── AVAILABLE DATA
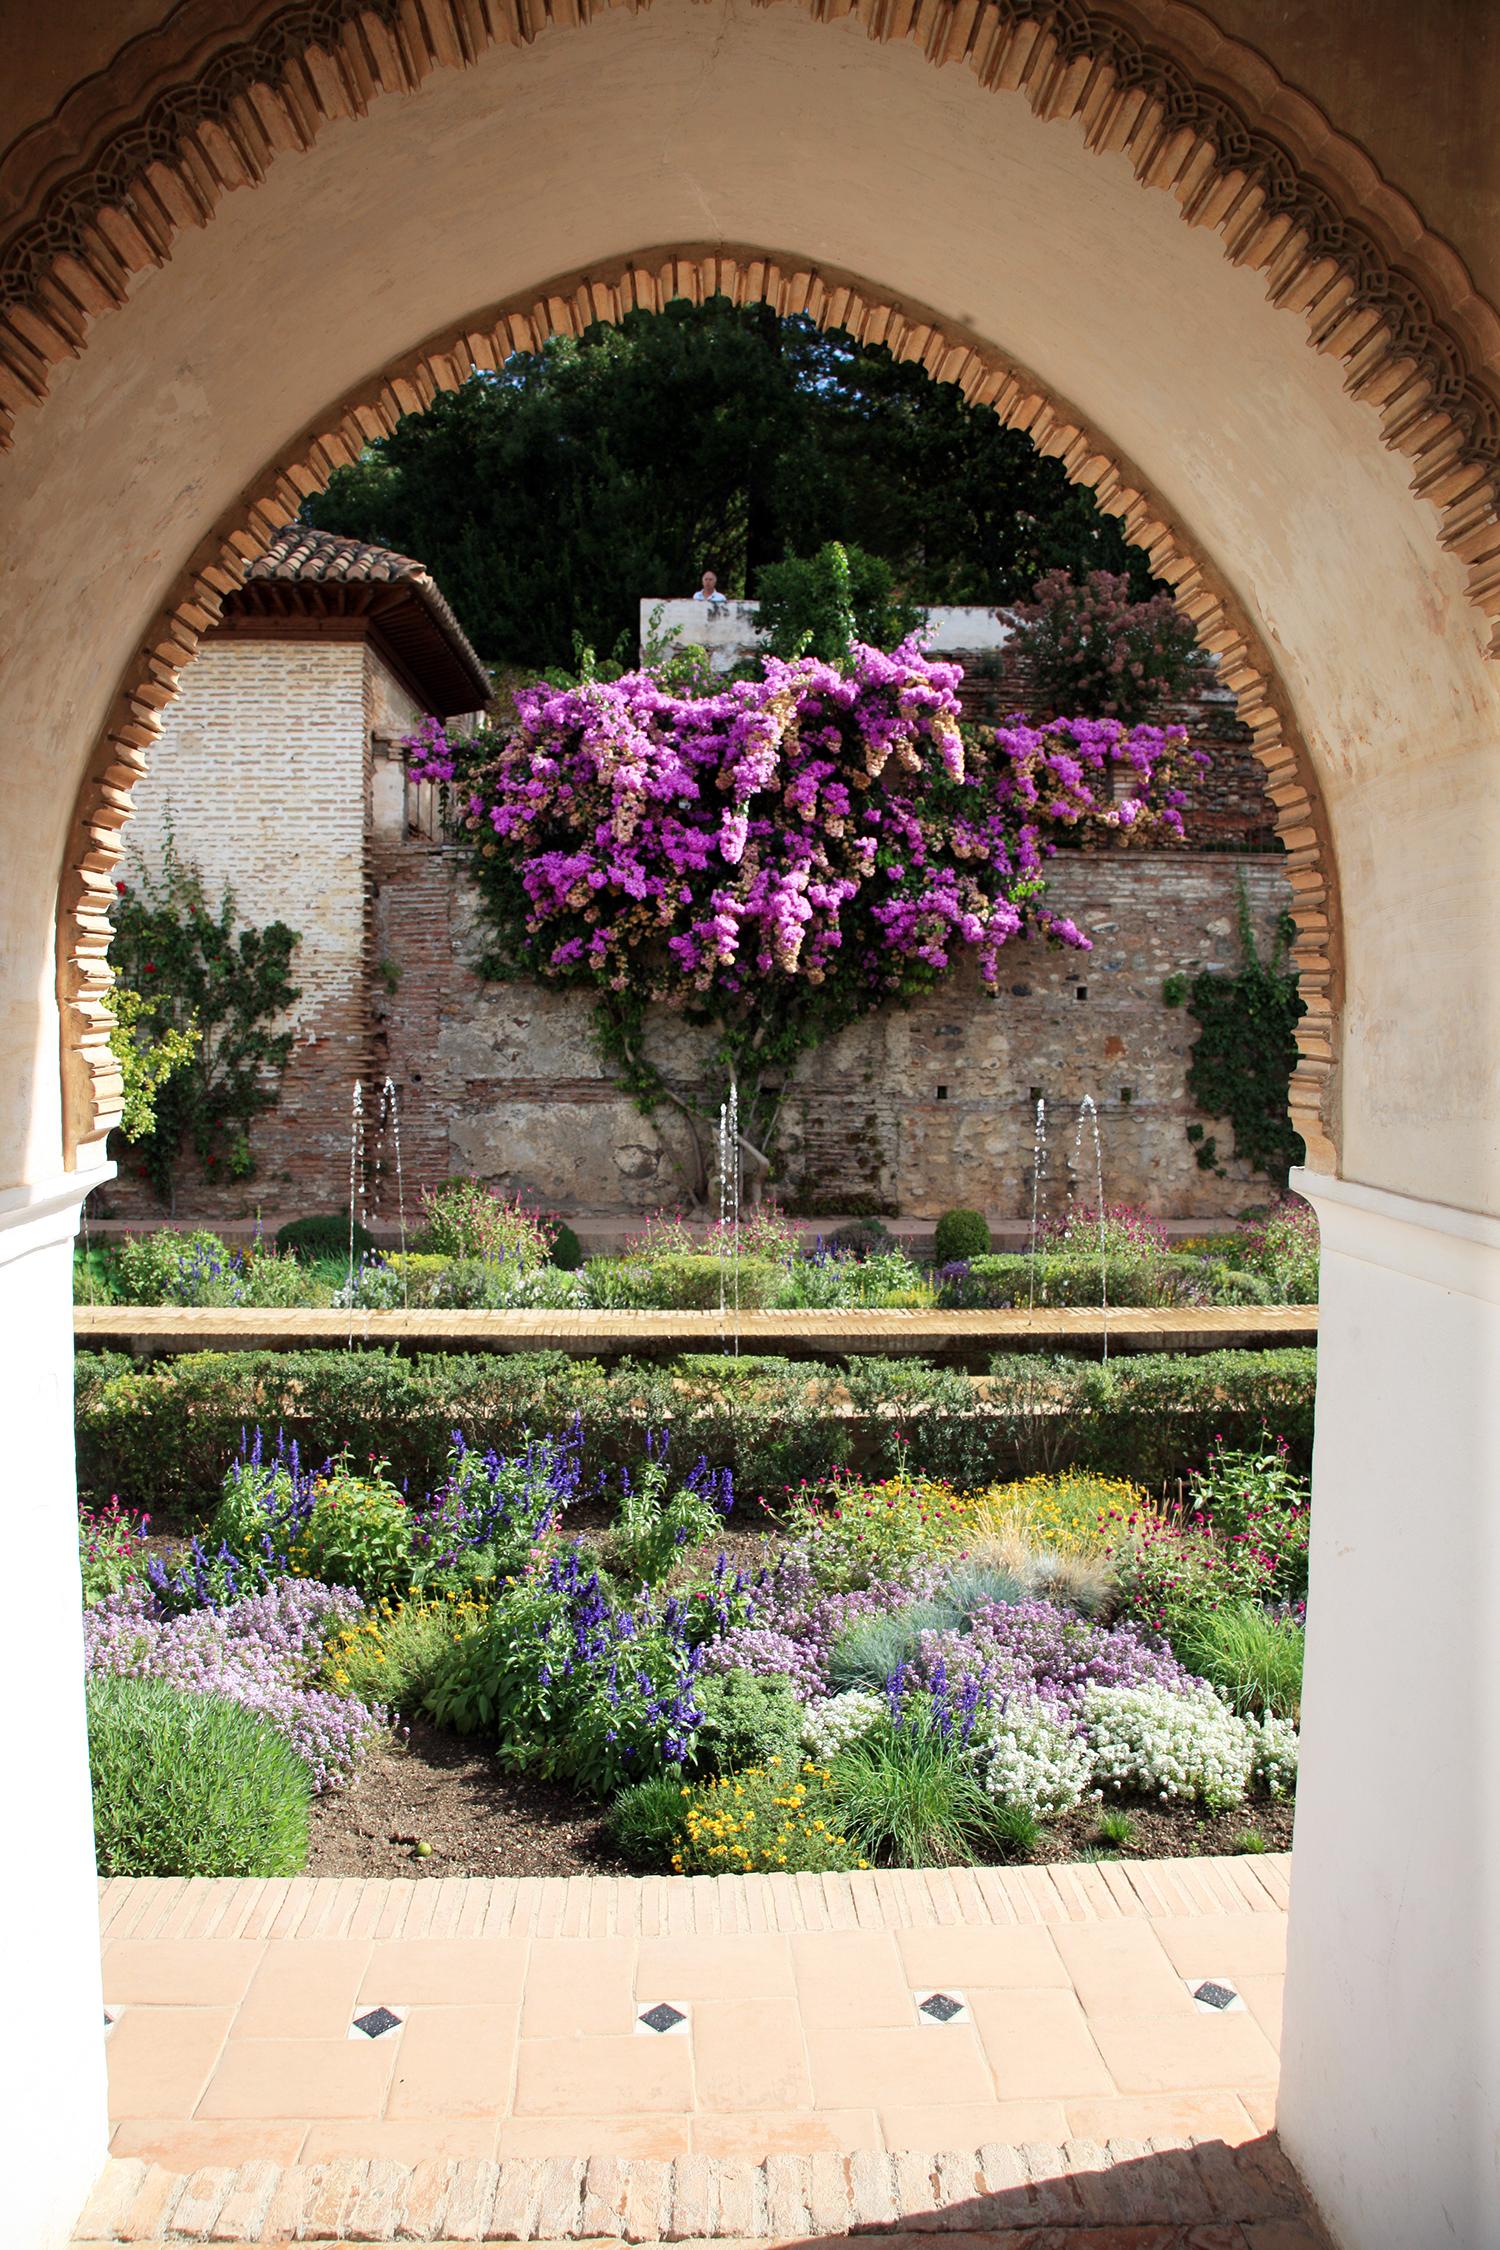 The Garden at Alhambra
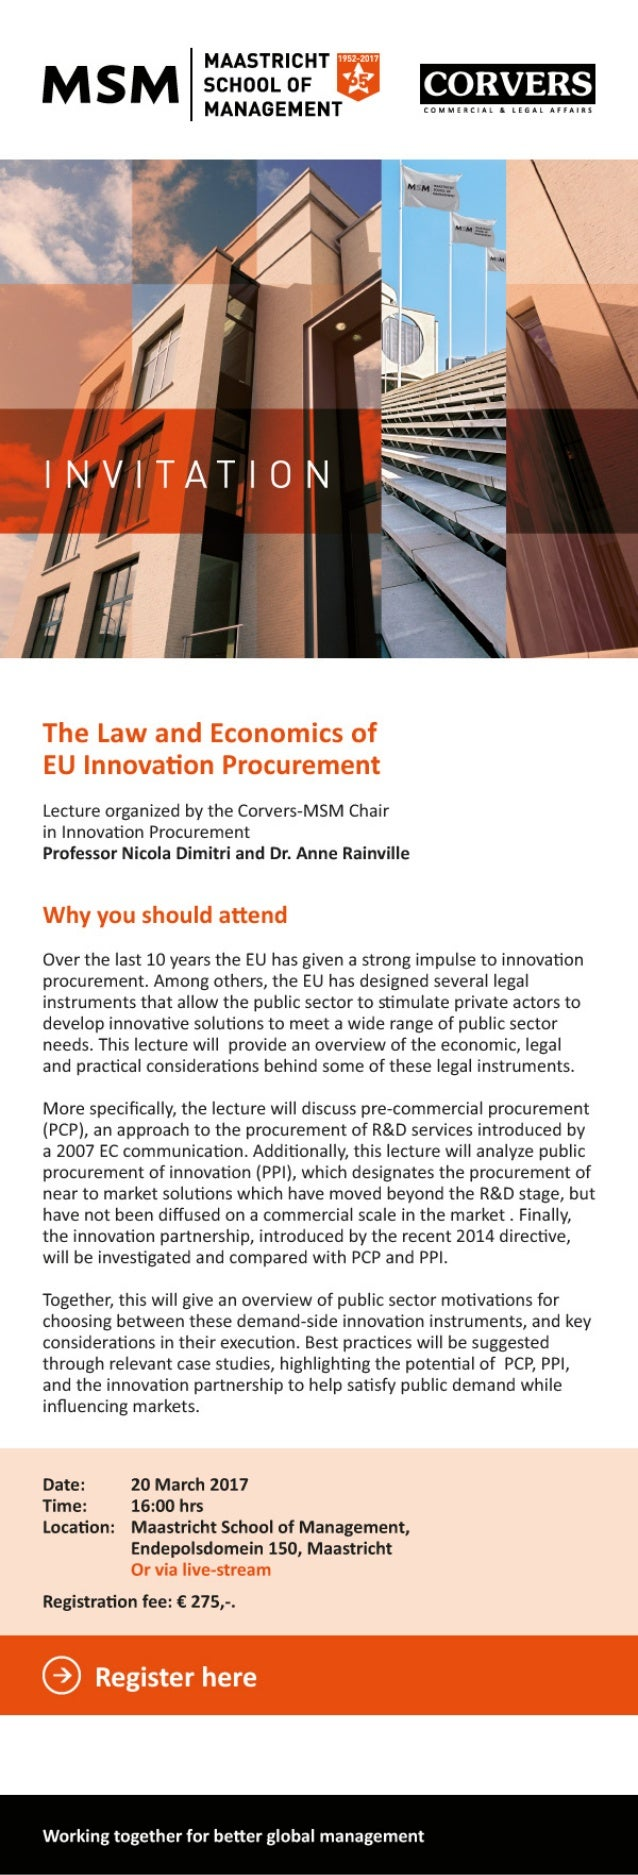 Invitation lecture The law and Economics of EU Innovation Procurement
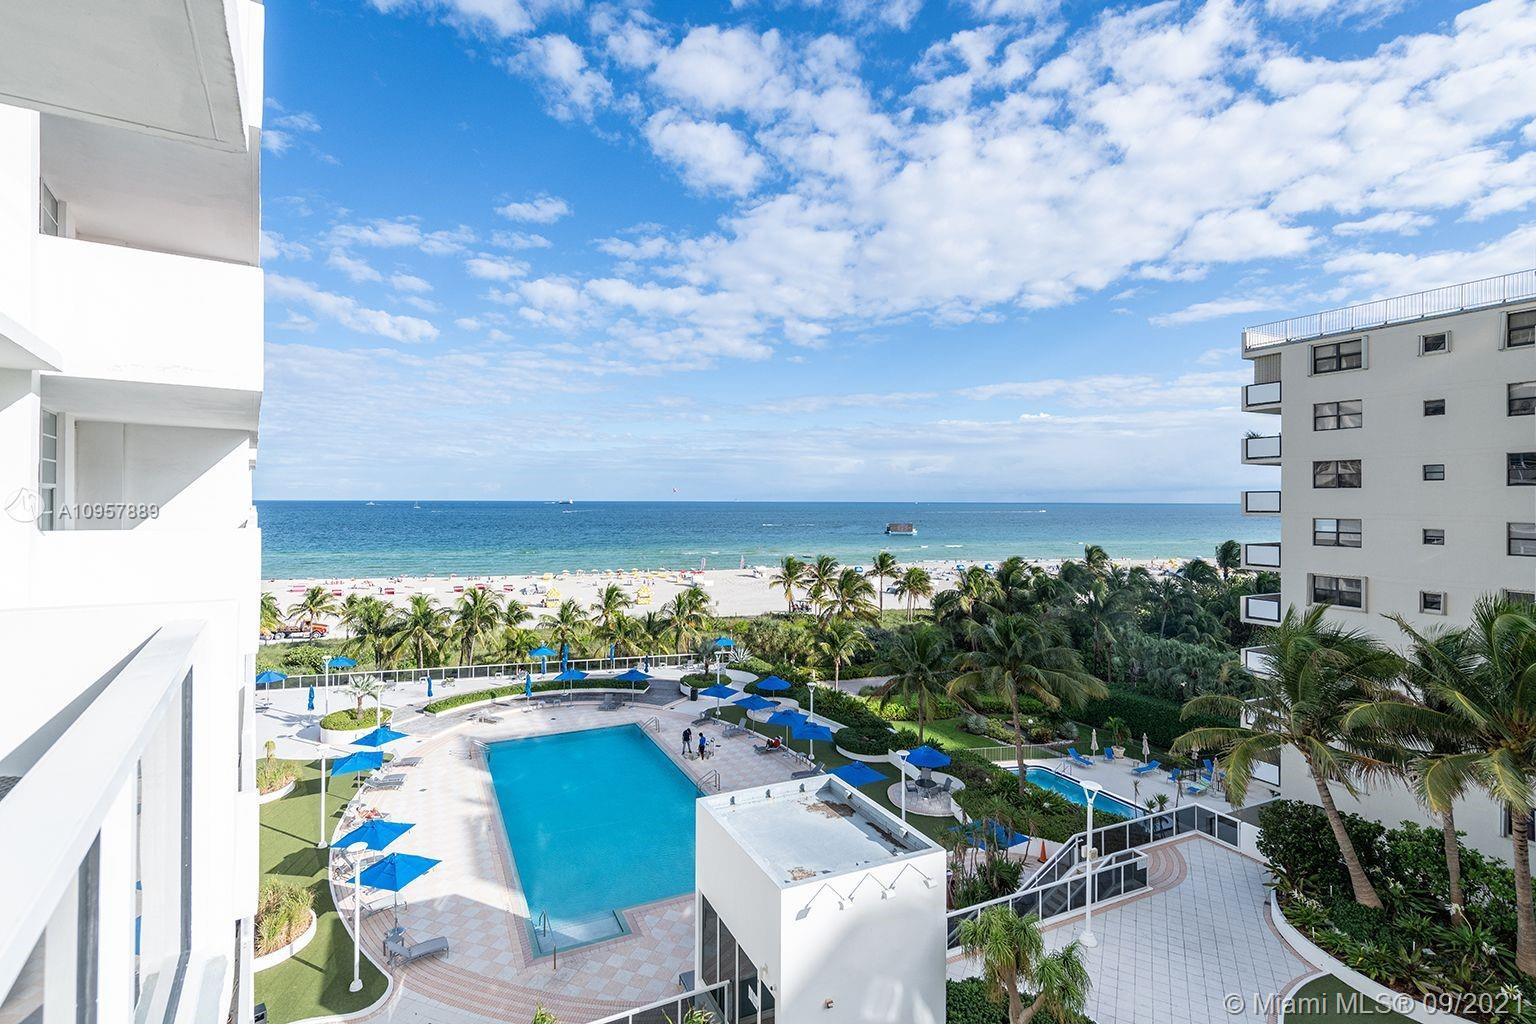 Decoplage #736 - 100 Lincoln Rd #736, Miami Beach, FL 33139
────
= YOUR ASSIGNMENT =
In the listing, find the line with "Invitation lecture The" and retype exactly from there through the last line, both included, leaving the pictures out.

= SOLUTION TO THIS EXERCISE =
 Invitation lecture The law and Economics of EU Innovation Procurement
 Decoplage #736 - 100 Lincoln Rd #736, Miami Beach, FL 33139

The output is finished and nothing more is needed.